A reproducible Snakemake pipeline for the detection, consensus filtering, and quantification of circular RNAs (circRNAs) from paired-end rRNA-depleted RNA-seq data. Two independent detection tools — CIRCexplorer2 and CIRI2 — are run in parallel, and only circRNAs called by both (2-of-2 consensus) are retained. Linear gene expression is quantified in parallel using featureCounts for downstream comparison and differential expression analysis.
- Overview
- Pipeline DAG
- Tools & Dependencies
- Repository Structure
- Configuration
- Running the Pipeline
- Output Files
- Downstream R Analysis
- Citations
circRNA detection from short-read RNA-seq data is prone to false positives.
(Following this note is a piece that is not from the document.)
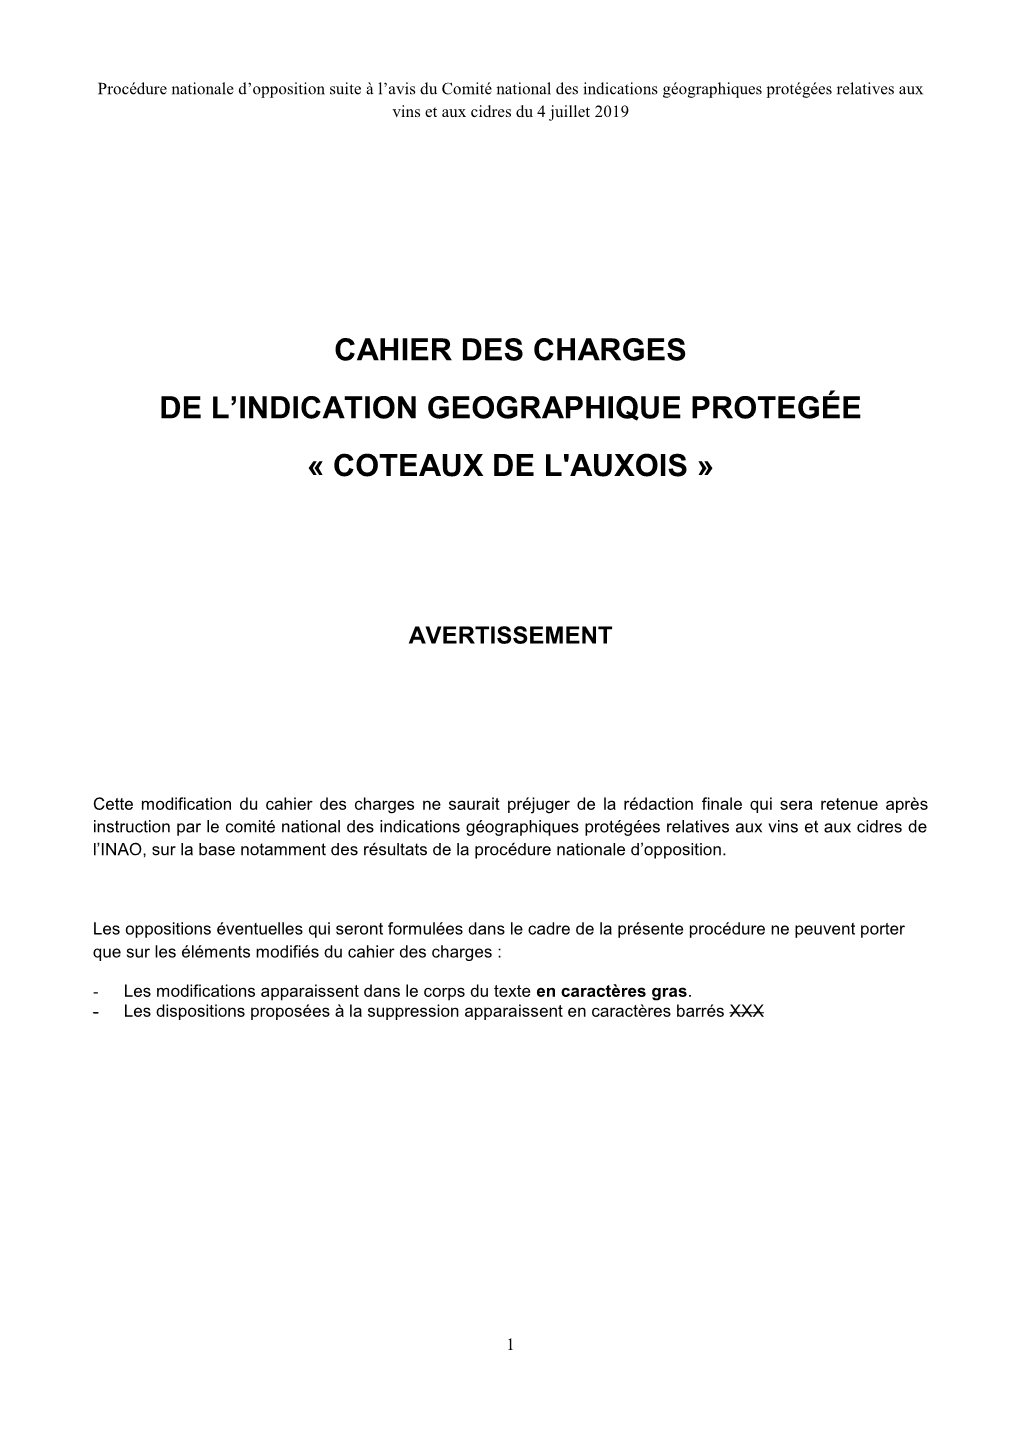 Cahier Des Charges De L'indication Geographique Protegée « Coteaux

Each detection tool uses a different alignment strategy and back-splice junction (BSJ) identification algorithm, so requiring independent confirmation from two tools substantially reduces the false discovery rate without dramatically sacrificing sensitivity.
Two parallel detection branches:
| Branch | Aligner | Detection tool | Key feature |
|---|---|---|---|
| CIRCexplorer2 | STAR (chimeric mode) | CIRCexplorer2 annotate | Exon-aware annotation, ciRNA support |
| CIRI2 | BWA-MEM | CIRI2 (Perl) | MLE-based BSJ filtering, repetitive region handling |
After per-sample detection, a 2-of-2 consensus filter keeps only circRNAs present in both outputs, then normalises BSJ counts to RPM using the STAR-reported uniquely mapped read count as the library size denominator. Linear gene expression is quantified from the STAR BAM using featureCounts (all samples in a single combined matrix).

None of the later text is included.